### About this task
Using the material below, print the line that contains "Denton Ryan wide", the line that contains "A baking pan", and every line in between, exactly and nothing else.

### Recorded information
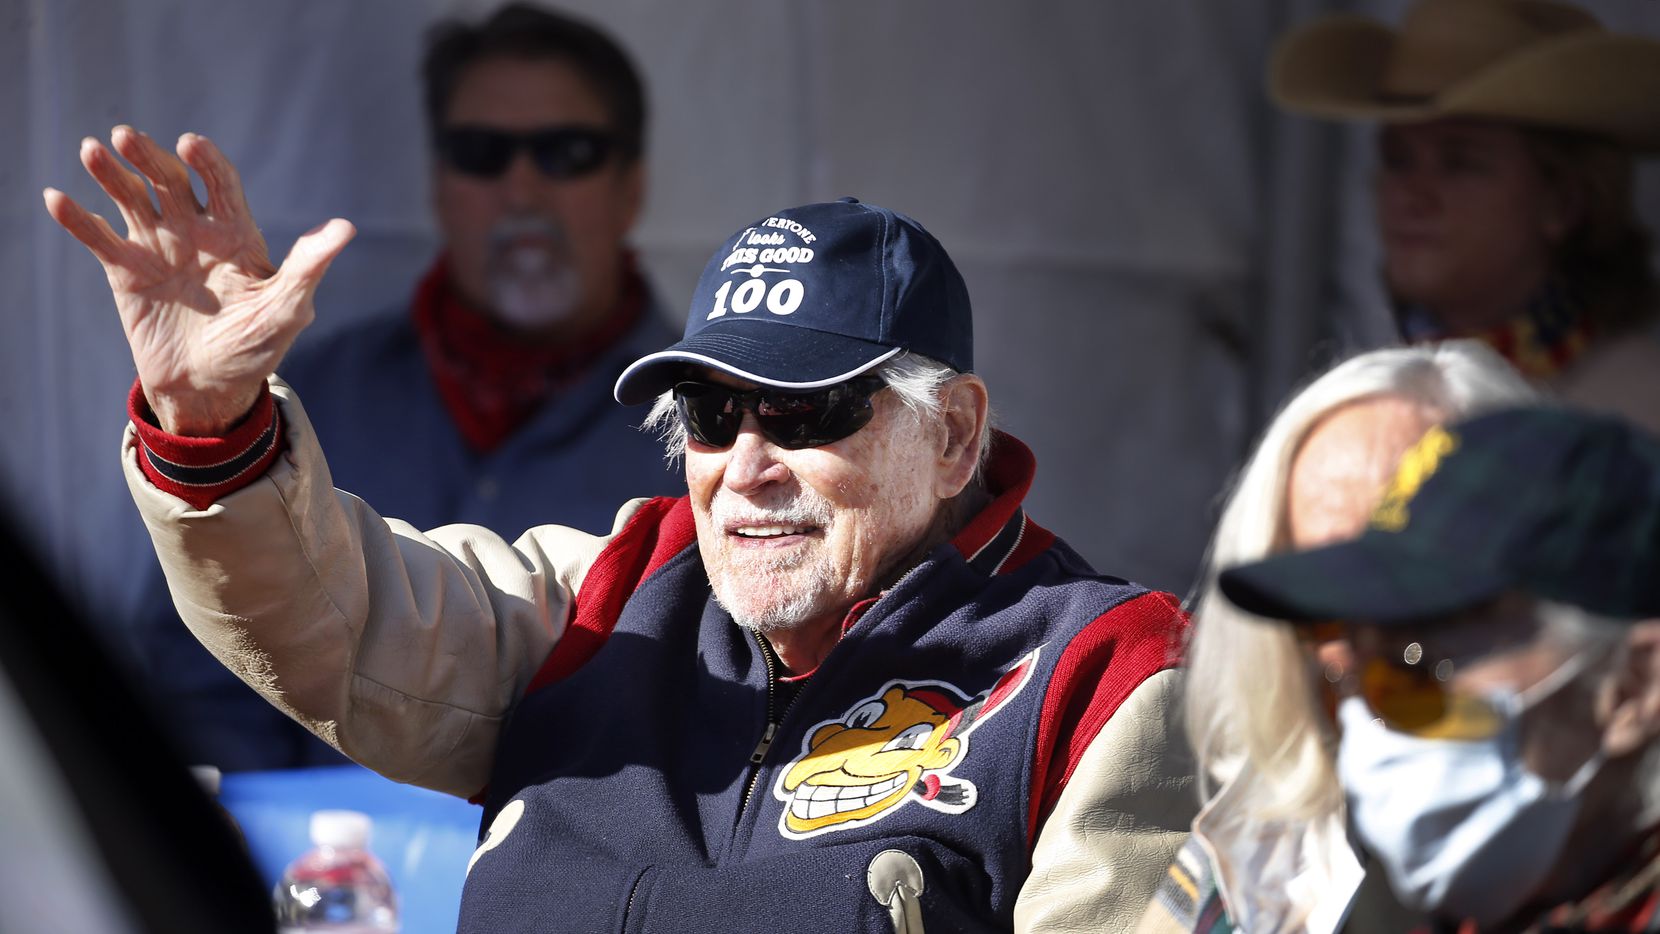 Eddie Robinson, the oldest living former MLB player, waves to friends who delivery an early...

--

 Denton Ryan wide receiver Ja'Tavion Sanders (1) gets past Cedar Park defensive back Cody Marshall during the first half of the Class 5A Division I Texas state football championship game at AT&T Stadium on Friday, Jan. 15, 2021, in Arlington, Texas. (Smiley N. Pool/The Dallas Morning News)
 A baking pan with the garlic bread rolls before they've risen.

### Exercise response
 Denton Ryan wide receiver Ja'Tavion Sanders (1) gets past Cedar Park defensive back Cody Marshall during the first half of the Class 5A Division I Texas state football championship game at AT&T Stadium on Friday, Jan. 15, 2021, in Arlington, Texas. (Smiley N. Pool/The Dallas Morning News)
 A baking pan with the garlic bread rolls before they've risen.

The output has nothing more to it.